In Halo, my coming 6 month old pup..

she has lost that chubby puppy look she had and is leaning out and growing..she is as tall, if not taller, then my BC's...I havent weighed her, but I bet she's pushing 55 pounds..I think I am going to have a big dog on my hands..

















while Angel, my older pyr likes to take a vantage point alittle ways out from the flock, Halo is WITH them


----------



## carolinagirl (Apr 3, 2012)

For giant breeds, you can double their 6 month weight as an estimated adult weight.  She's gonna be a big girl!


----------



## TexasShepherdess (Apr 3, 2012)

Yikes! LOL..guess I need to get an official weight..

Angel is no small fry..but Halo I think is going to be bigger..

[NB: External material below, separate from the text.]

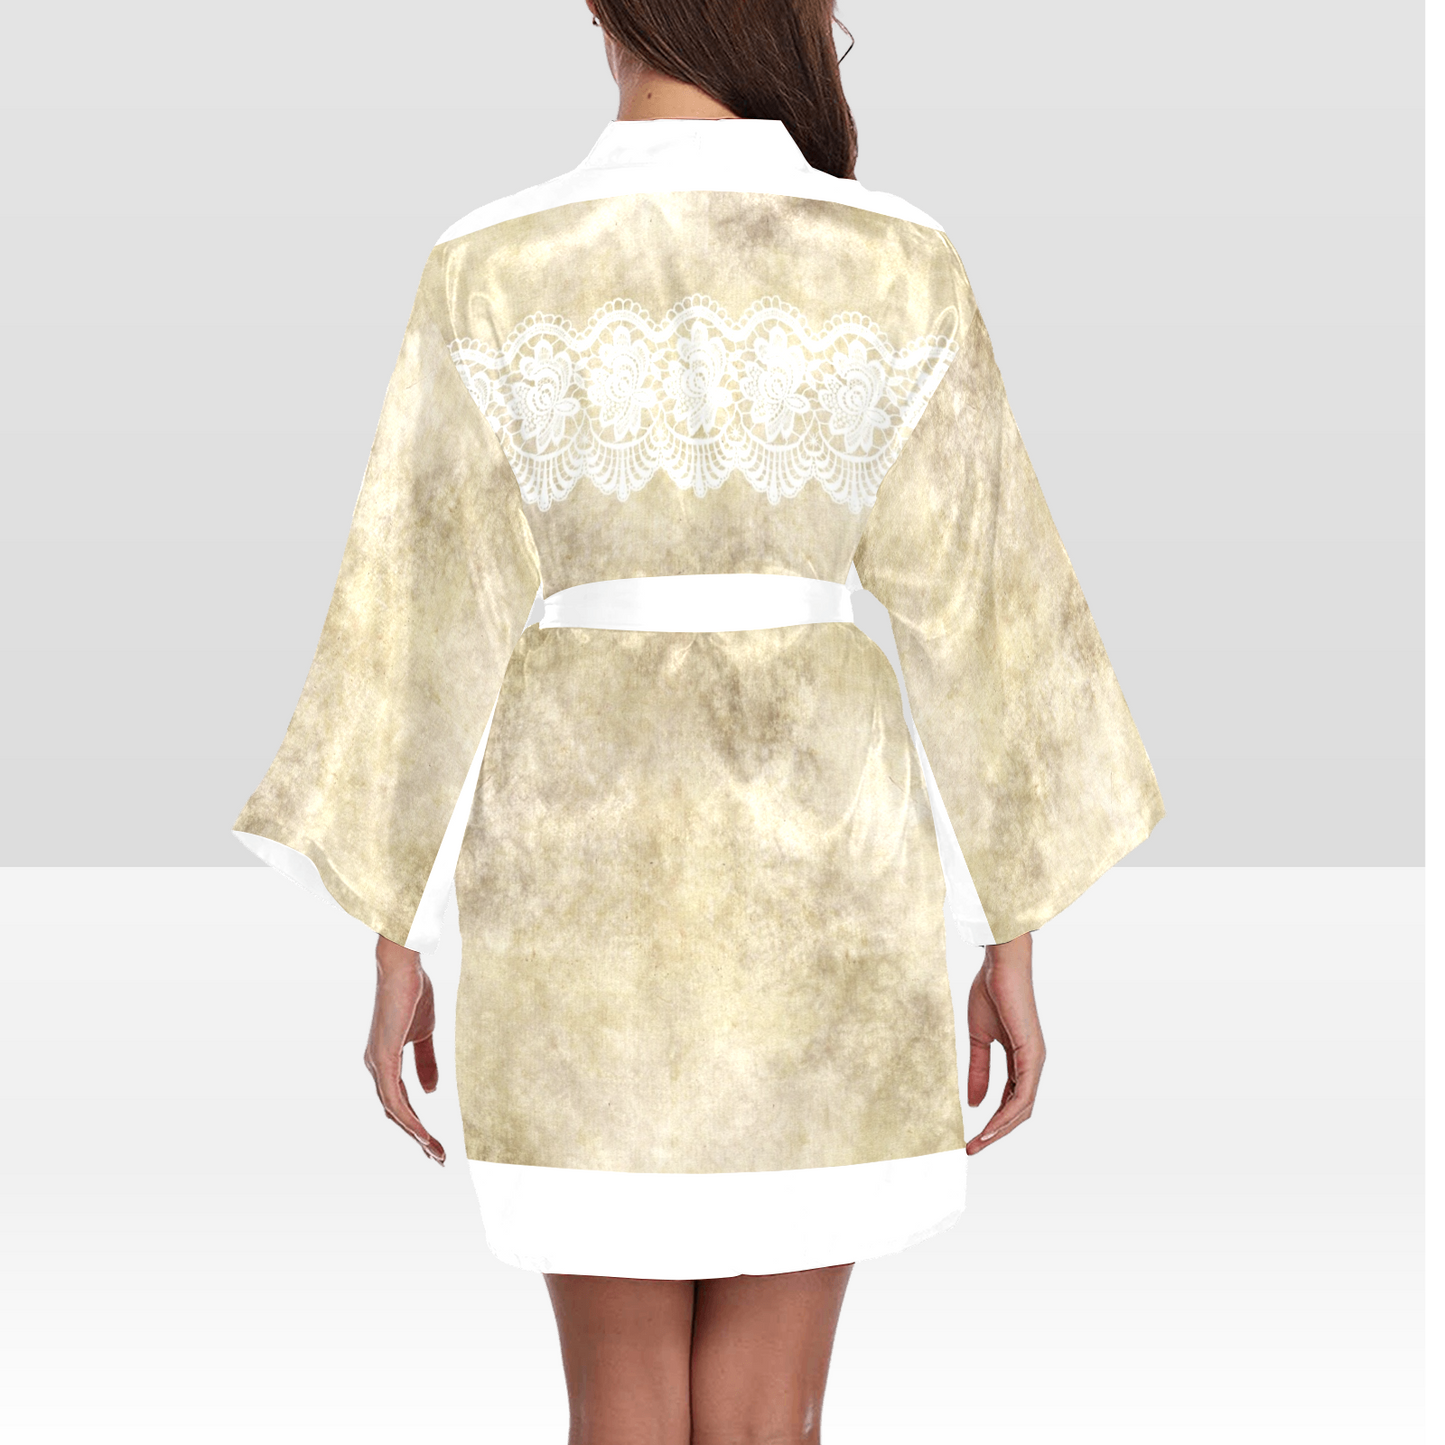 Victorian Lace Kimono Robe, Black or White Trim, Sizes XS to 2XL, Design 28
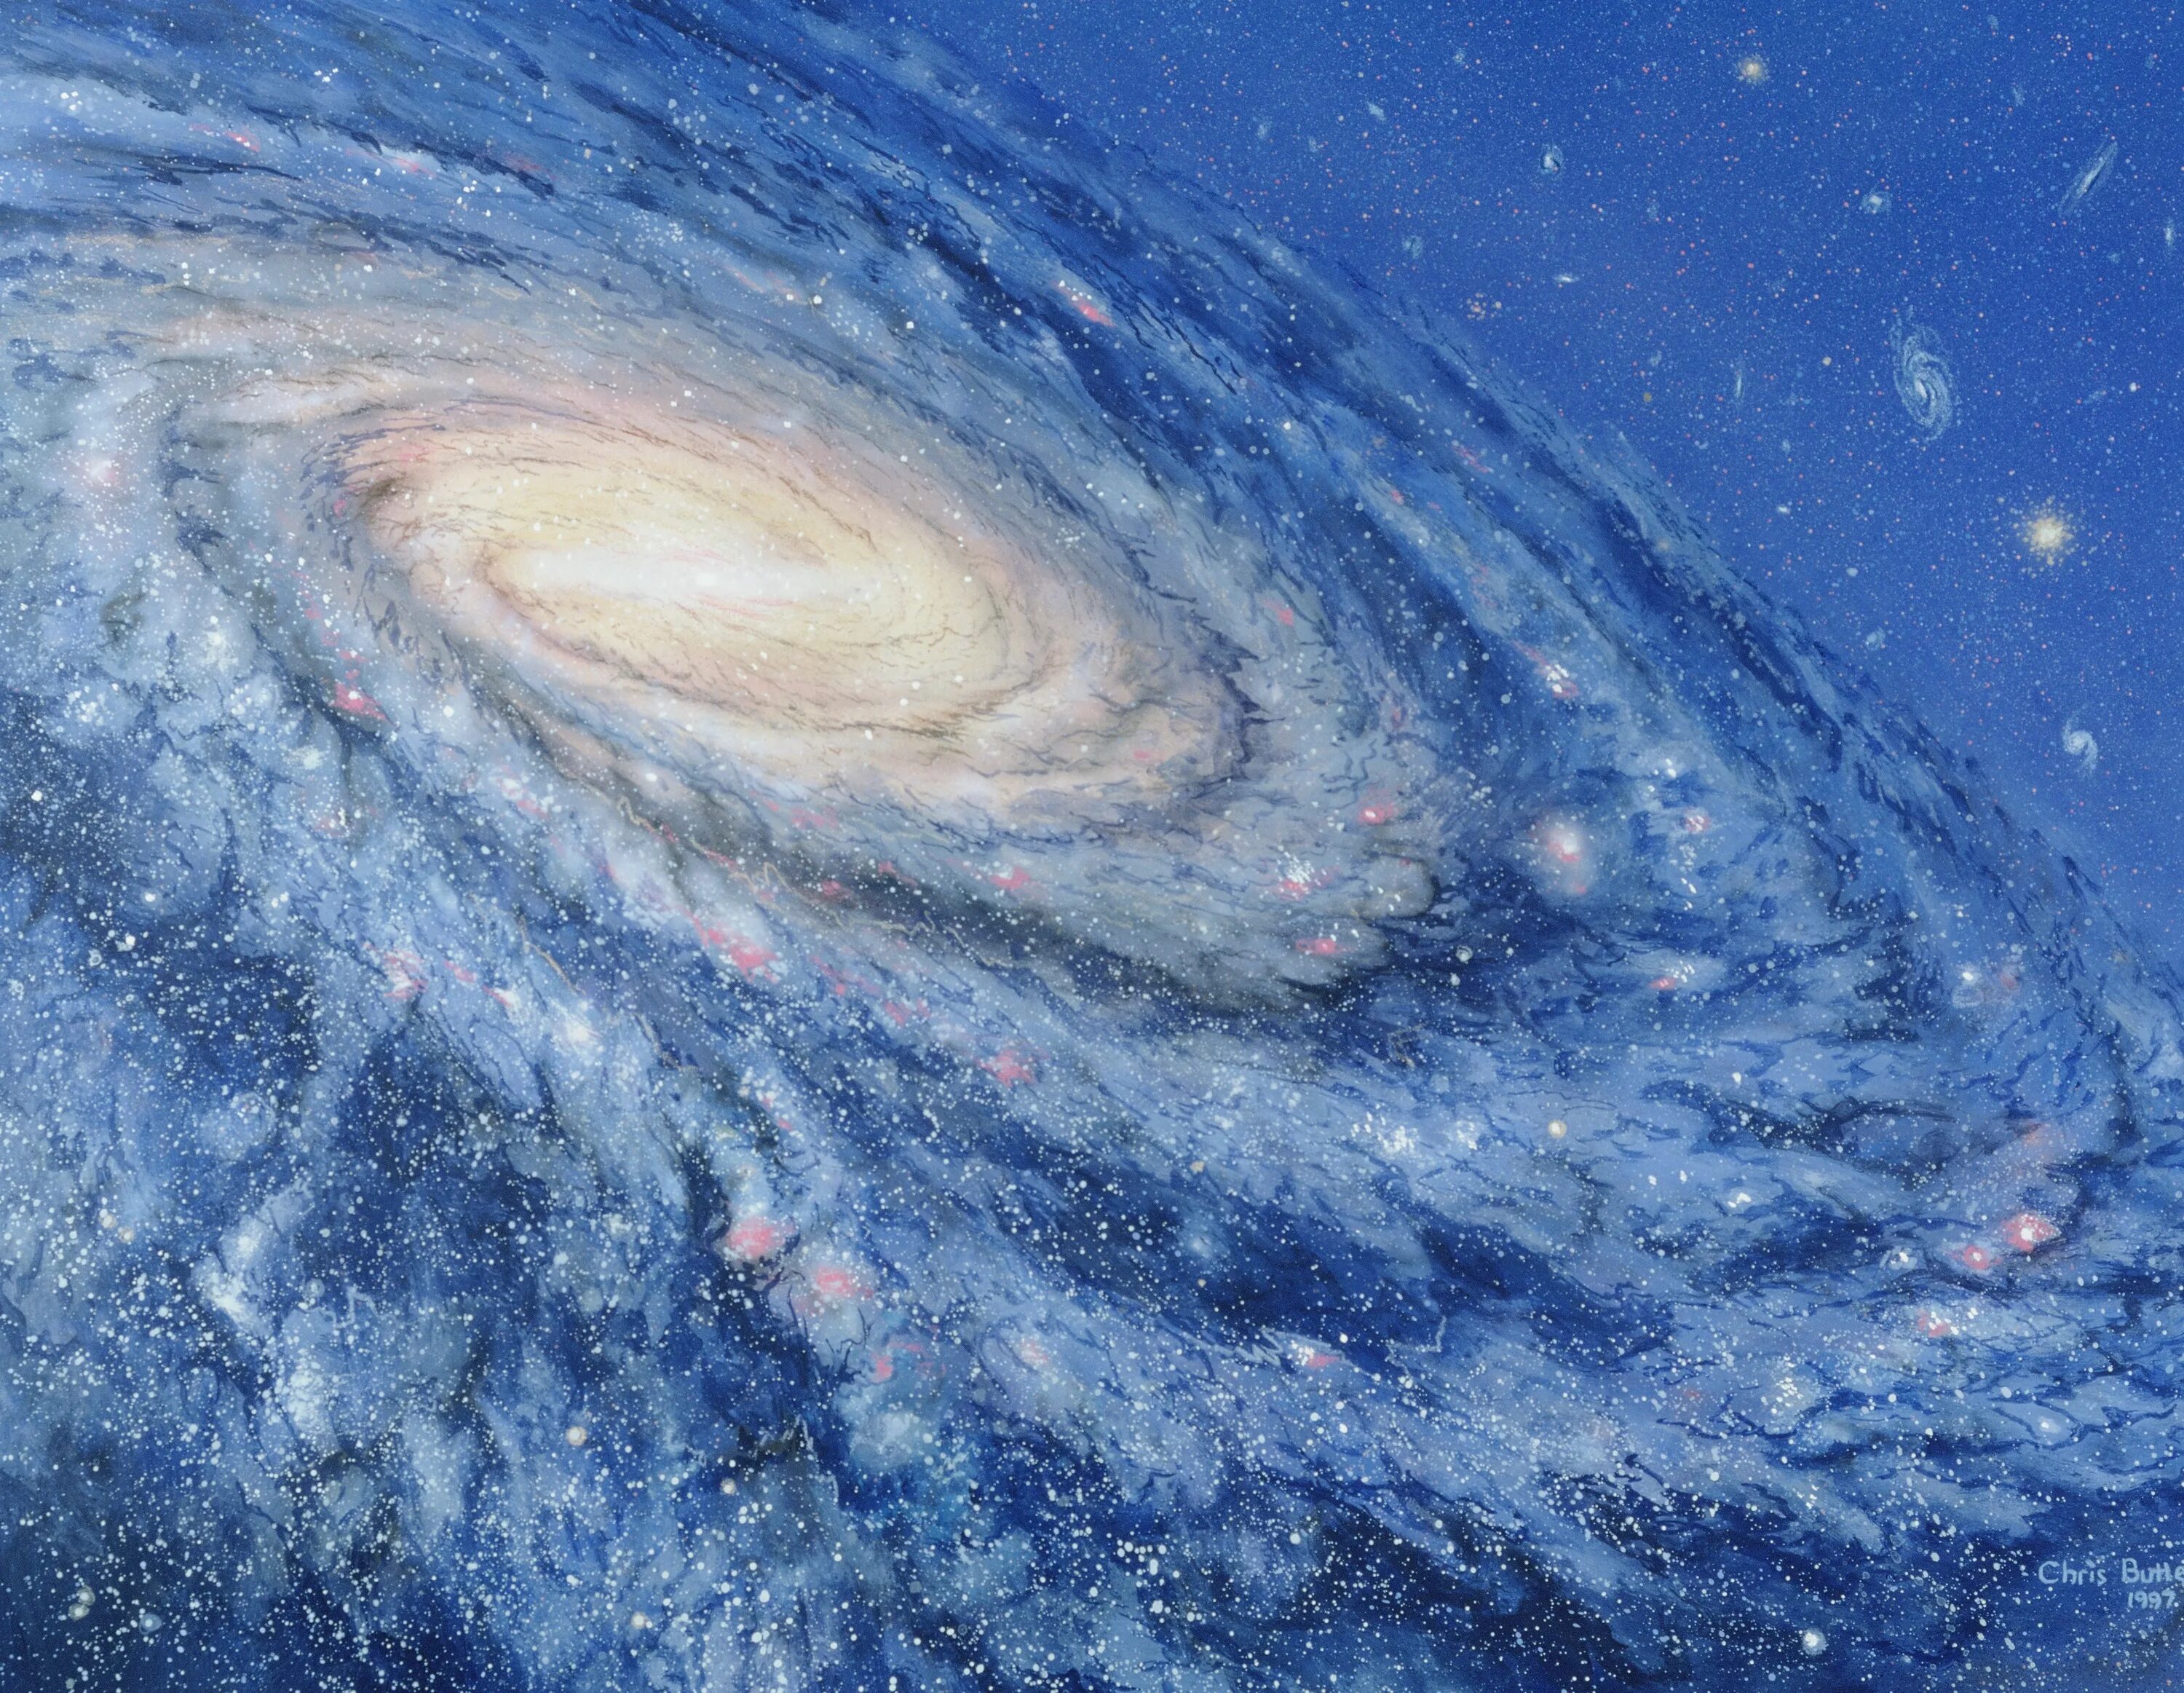 Наша галактика называется млечный путь. Наша Галактика Млечный путь. Галактика Млечный путь Солнечная система. Милки Вэй Галактика. Галактика в галактике Млечный путь.

She is also, Ive noticed, taking on a more "guarding" role with the sheep..we had some initial confusion during her interaction with young lambs..so we will wait til she's older for that..but with the adult sheep and older lambs, she is very protective. She accompanies Angel on "rounds" and I can hear them both sometimes in the evening barking at the howling coyotes.


----------



## Stubbornhillfarm (Apr 3, 2012)

She is going to be a big girl!  Your dogs are both very nice looking.  Good to hear that she is taking her role seriously at a young age as well.


----------



## TexasShepherdess (Apr 3, 2012)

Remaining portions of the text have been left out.